You might extinguish the star.

https://www.astronomy.ohio-state.edu/ryden.1/ast162_4/notes14.html

How does a star's natural thermostat work? Consider what would happen if you increased the fusion rate in a star's core:

-(1) Core temperature increases

-(2) Core pressure increase

-(3) Core expands

-(4) Core density & temperature decrease

-(5) Fusion rate decreases

In the OP scenario, the star is heated by the sphere. The star will expand and become less dense. Less density means decreased fusion. At a low enough density fusion cannot be sustained. The gas cloud will remain hot and the sphere could keep it hot for a long time.

Answer 6

The star will burn hotter, faster until the Dyson sphere essentially IS a star.

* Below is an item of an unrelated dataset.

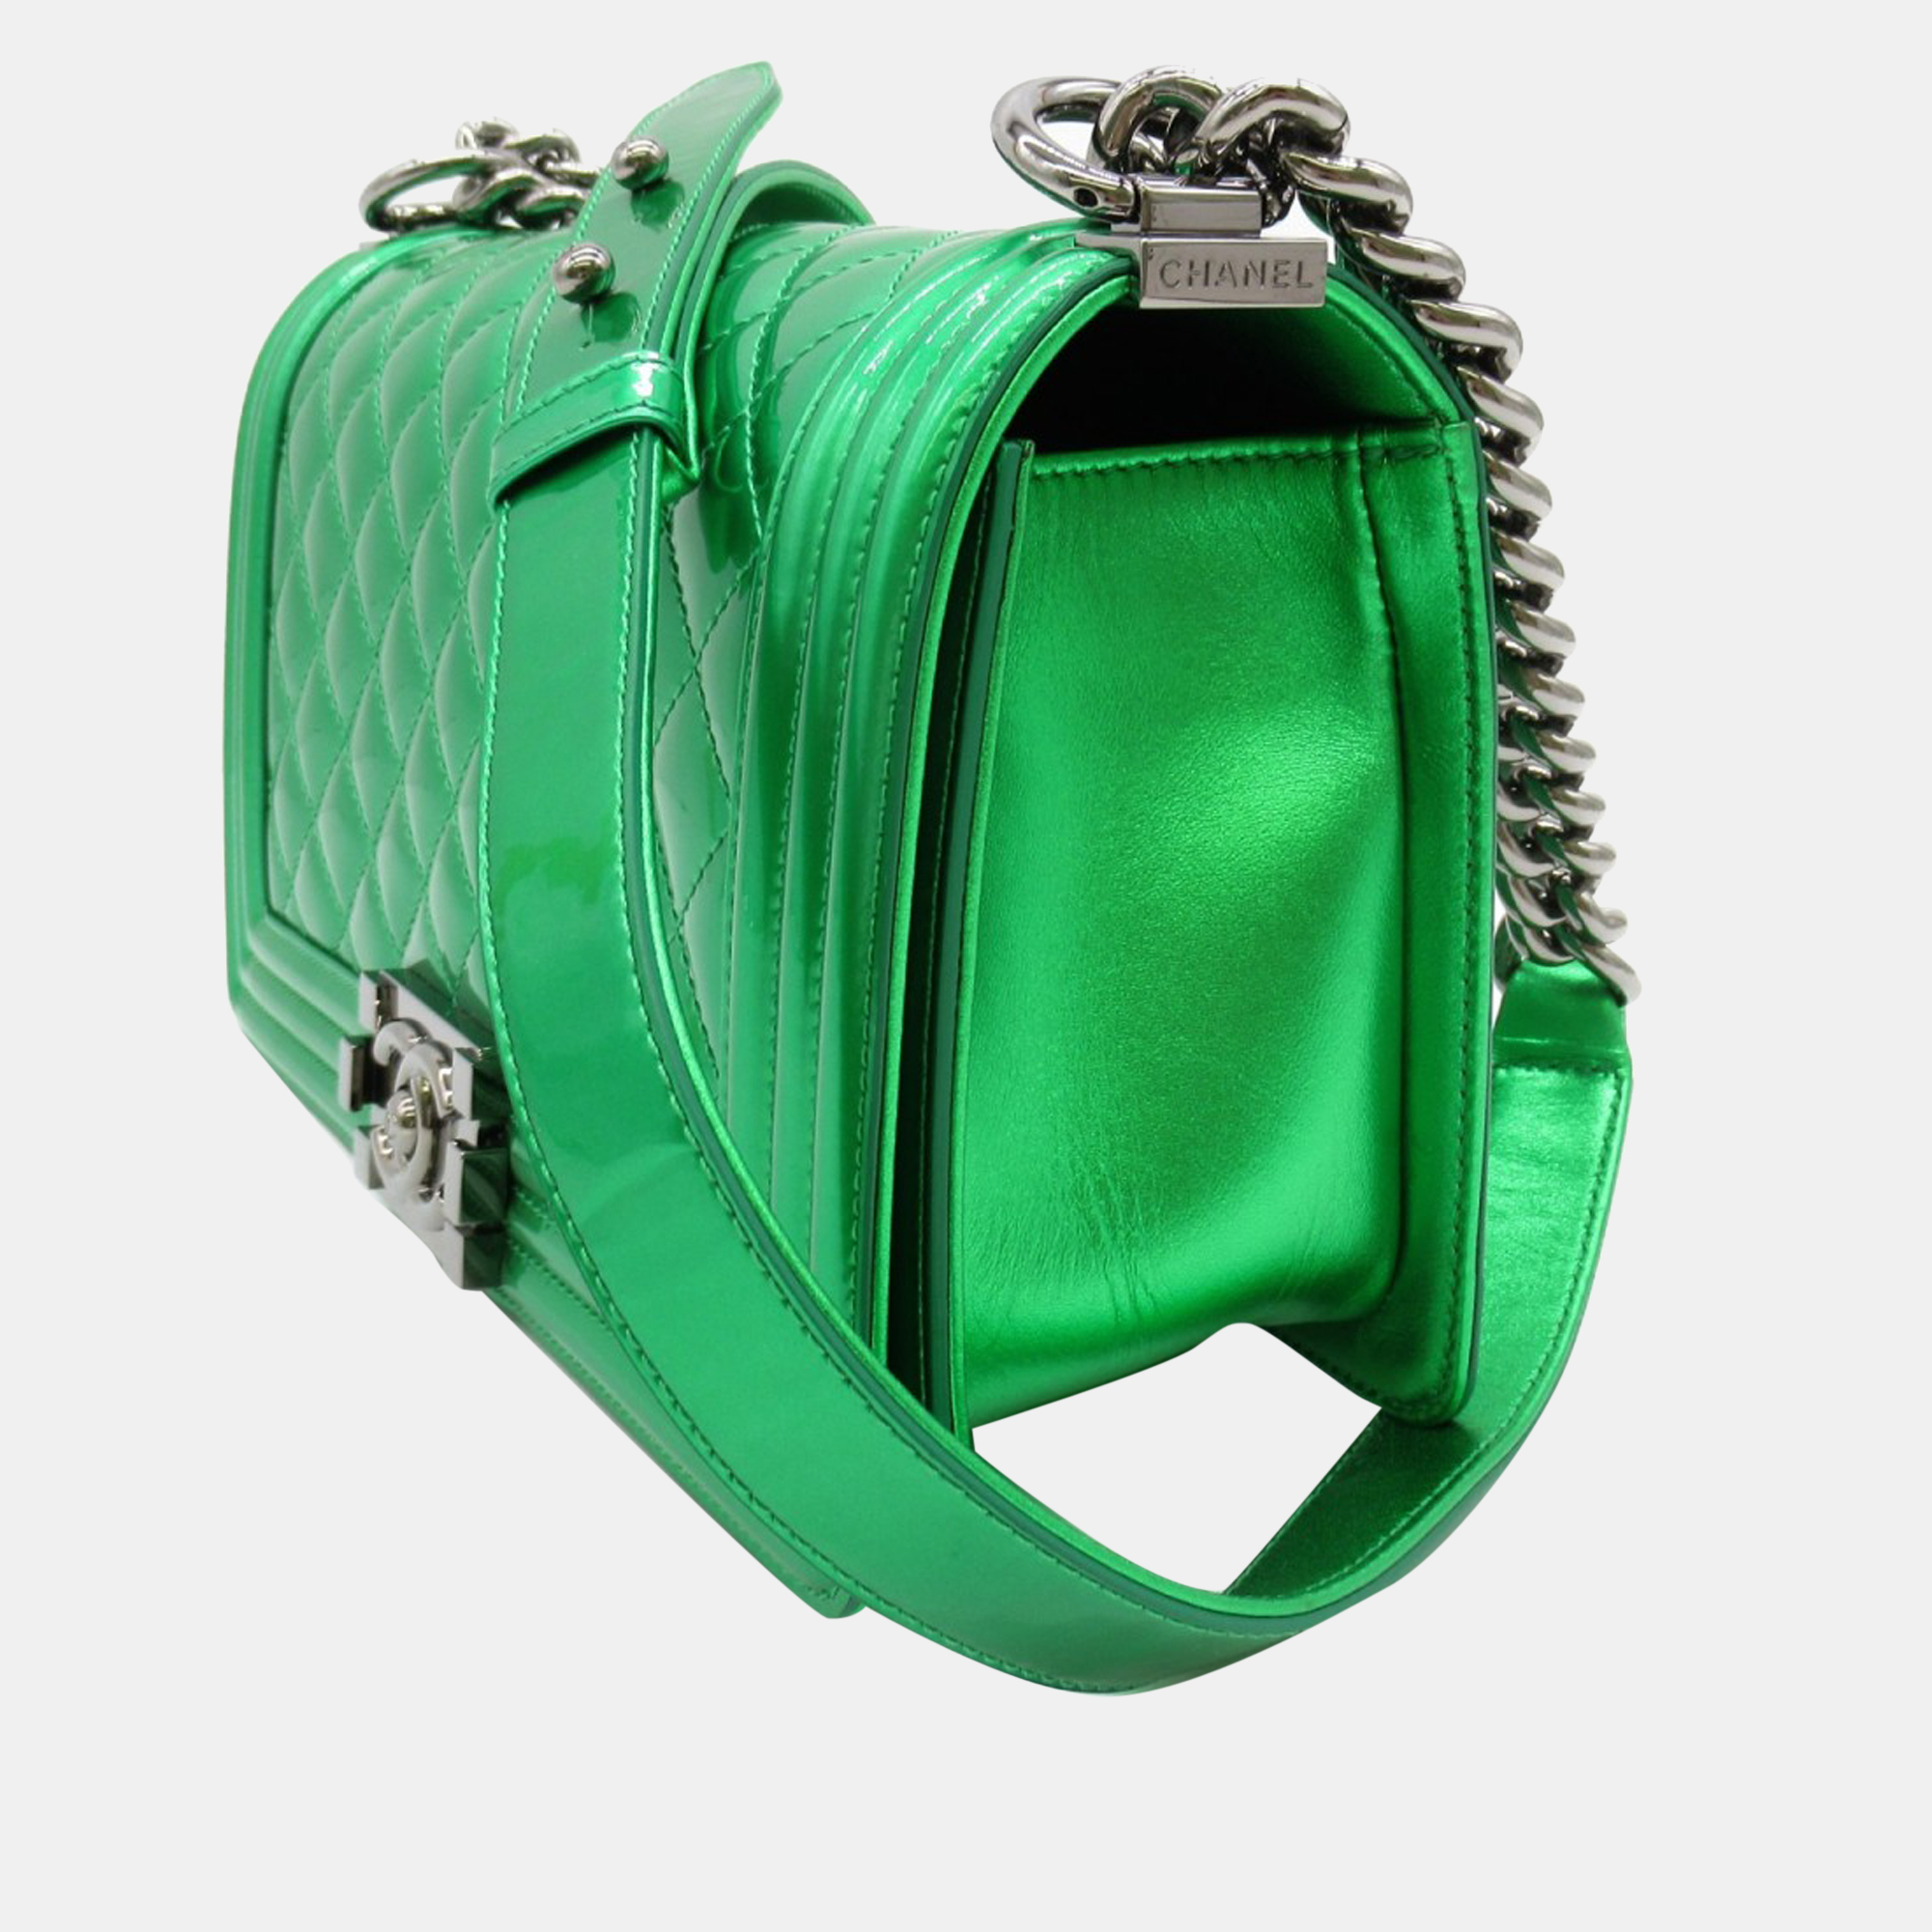 

Chanel Green Medium Classic Patent Le Boy Flap Bag Shoulder Bag

For this I will assume the Dyson sphere is sufficiently advanced magic so it can reflect all or most the stars light and particles back and not explode in the a cloud of gas. All or most has essentially the same effect it just changes the degree.

So here is how a star works, in the core the heat and pressure is high enough to sustain a fusion reaction but only in the core. that is what is supplying the heat so a stars temperature is controlled by its size, it is a balance between the light pushing out and gravity pushing in.

But in your star the star is the same size but way hotter, the interior temperature quickly (millions of years, which is quickly for a star) rises until far more of the stars mass can undergo fusion. this is because there is nowhere else for energy to go, photons just bounce back at the star until all their energy is absorbed. So your star is essentially ALL core, this will burn through its fuel astoundingly fast, your star may only last a few million years before it burns out. but all this heat means photon pressure also makes your star expand, the math is tricky but likely until the Dyson sphere essentially IS the outer surface of the star.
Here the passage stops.